Genetic Screening & Modern Healthcare
Overview of genetic screening in healthcare
Types of Genetic Screening
Genetic screening does not imply a single test but rather a number of methods whose concentration is on a particular objective:
- Newborn Screening- Completed shortly after birth and is used to identify rare congenital but treatable illness such as PKU, congenital hypothyroidism, or sickle cell disease.
- Carrier Screening Someone is being treated for a disease like cystic fibrosis or Tay-Sachs disease because of a gene. Good as a birth control measure.
- Prenatal Screening: It is conducted in fetus to identify either genetic or chromosomal abnormality during pregnancy. Frequently preceded by such preventive tests as amniocentesis.

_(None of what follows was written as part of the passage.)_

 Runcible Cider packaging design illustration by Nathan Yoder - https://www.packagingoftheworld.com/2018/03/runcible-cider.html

- Predictive and Presymptomatic testing- These are used on healthy persons to test whether one is at risk of developing diseases like Huntington or cancers that relate to BRCA.

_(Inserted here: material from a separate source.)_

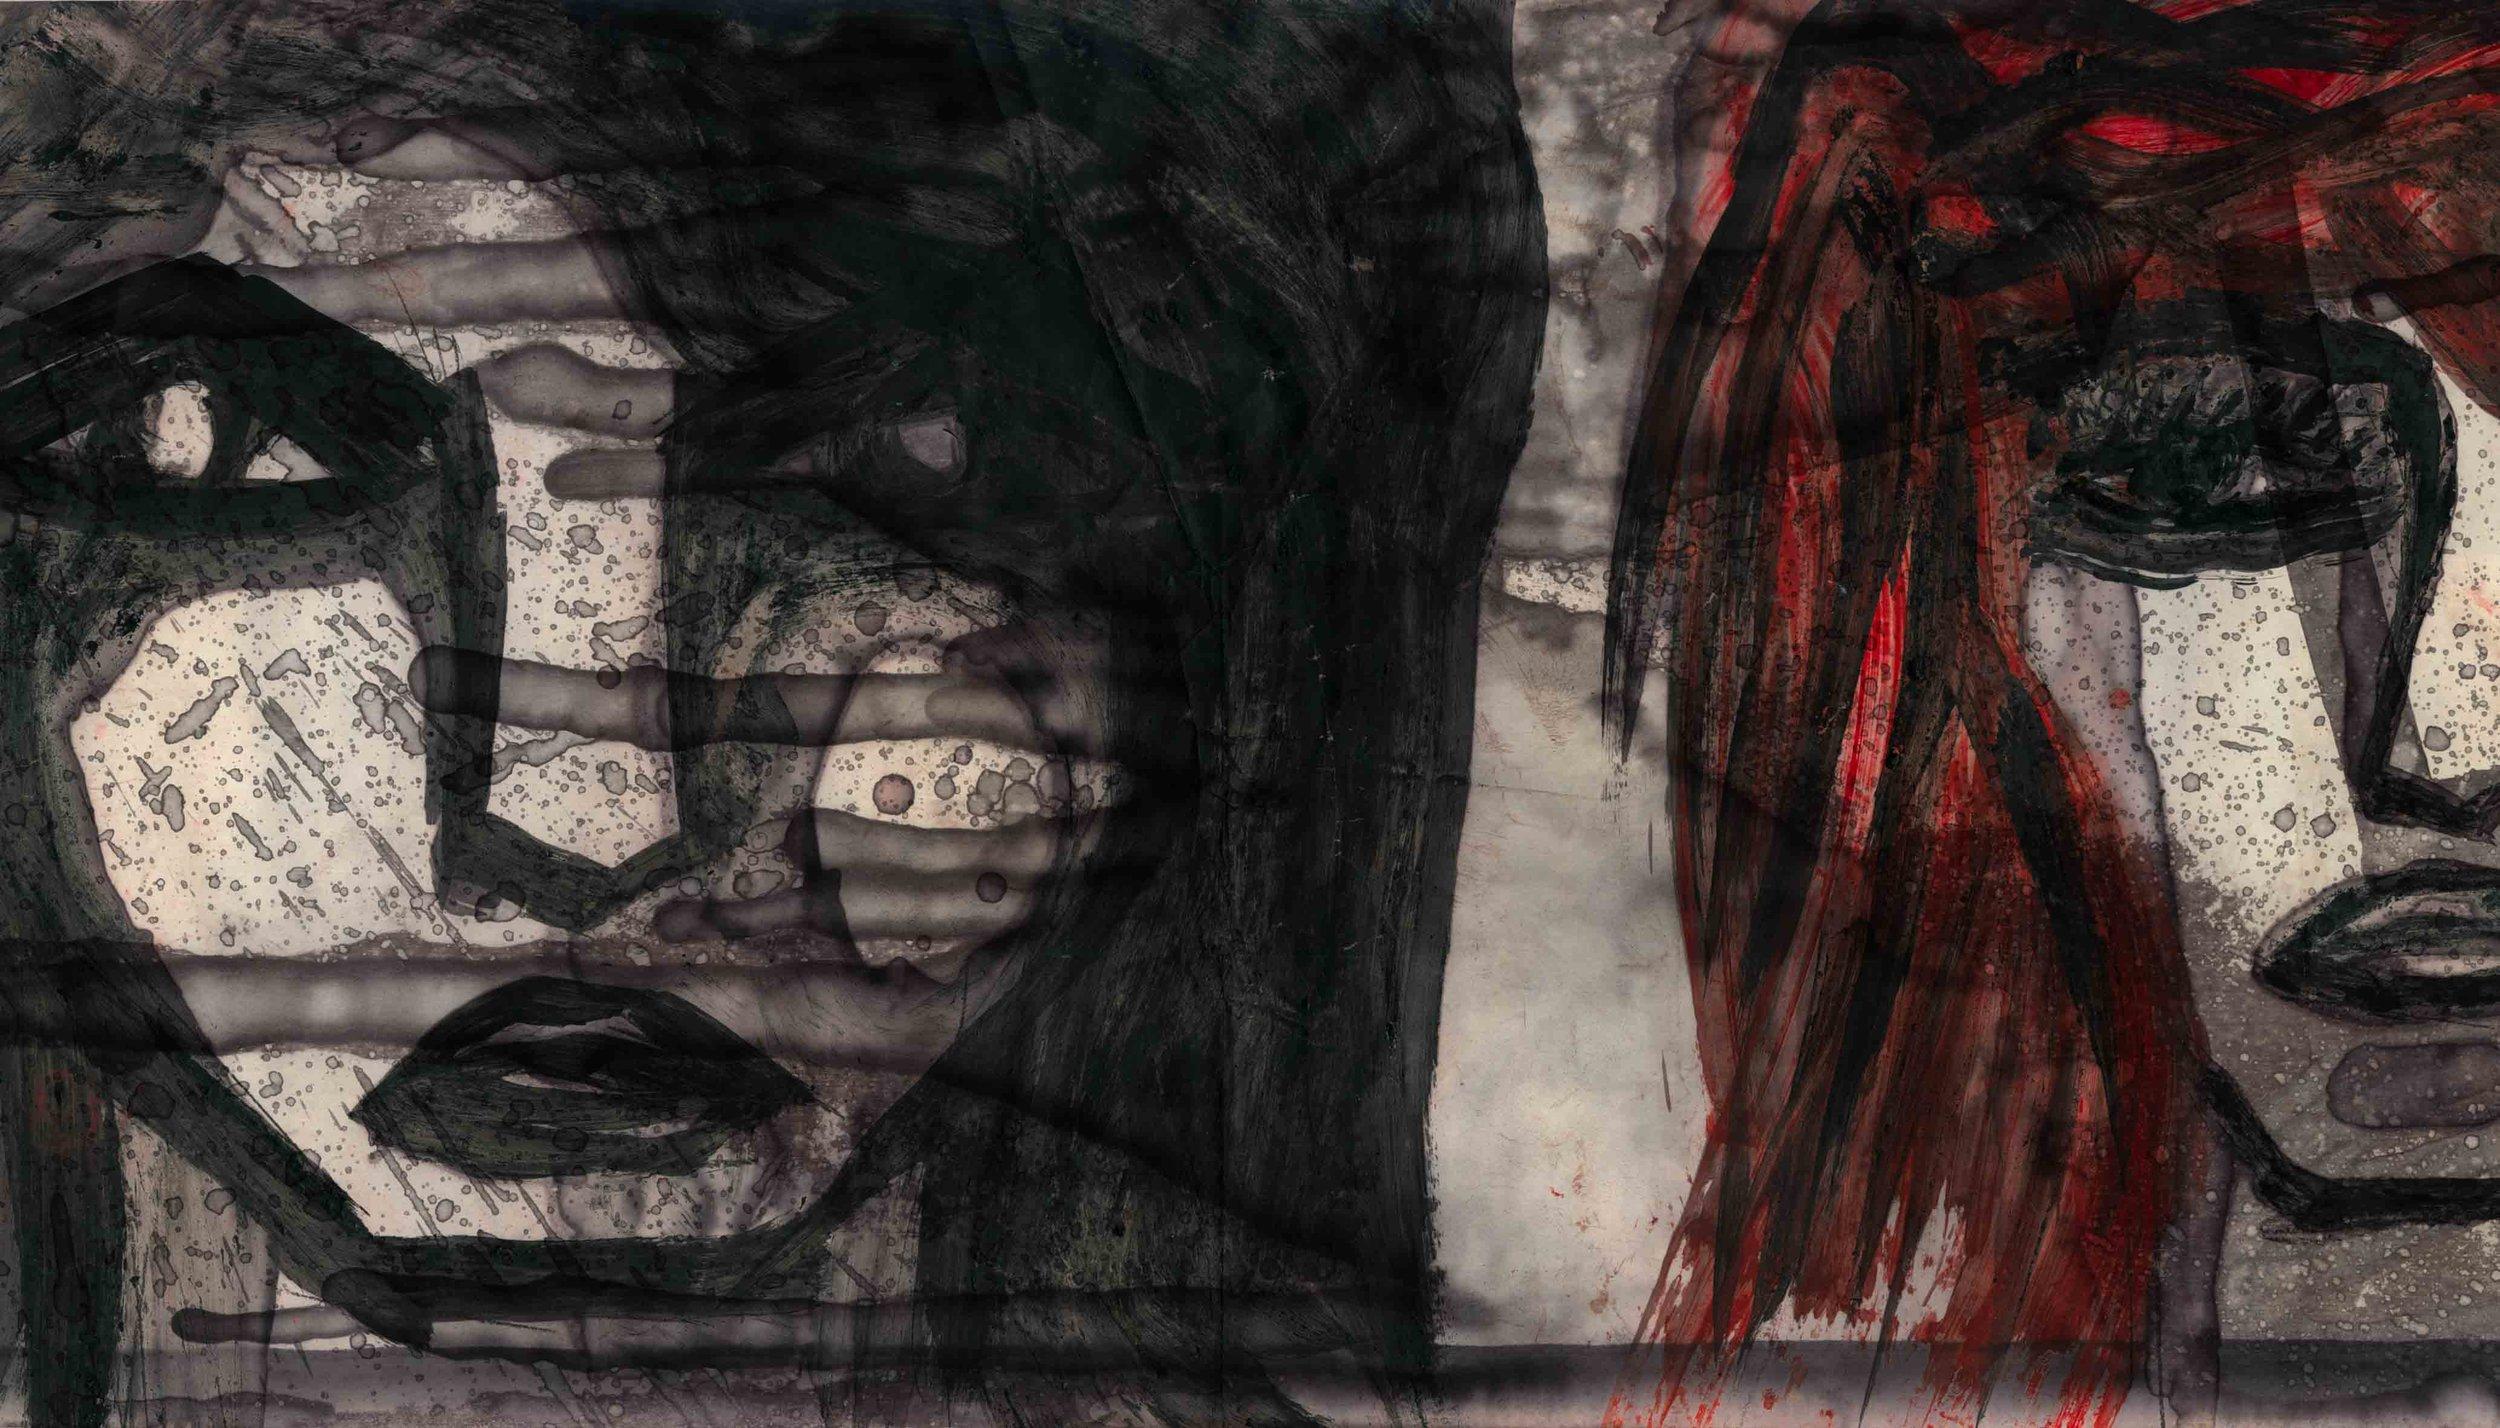 alfred_tarazi_fragments_silent_film_screen_25.jpg

| Table – Overview of Types: | |||
| Type | Purpose | Timing | Example Conditions |
|---|---|---|---|
Newborn |
Early detection & treatment | Birth to first weeks | PKU, congenital hypothyroidism, sickle cell disease |
| Carrier | Reproductive planning | Before or early in pregnancy | Cystic fibrosis, Tay–Sach |
| Prenatal | Screen for fetal genetic disorders | During pregnancy | Trisomy 21, trisomy 18 |
| Predictive | Risk for future disease | Adolescence/adulthood | Huntington’s, BRCA cancers |
Quick View:
- Get to know genetic screening types: newborn screens, and predictive risk screens.
- Discover technologies that will aide you in testing, quicken it and yet keep your program alive at the same time.
- Be aware of the advantages and ethical issues in the field of healthcare.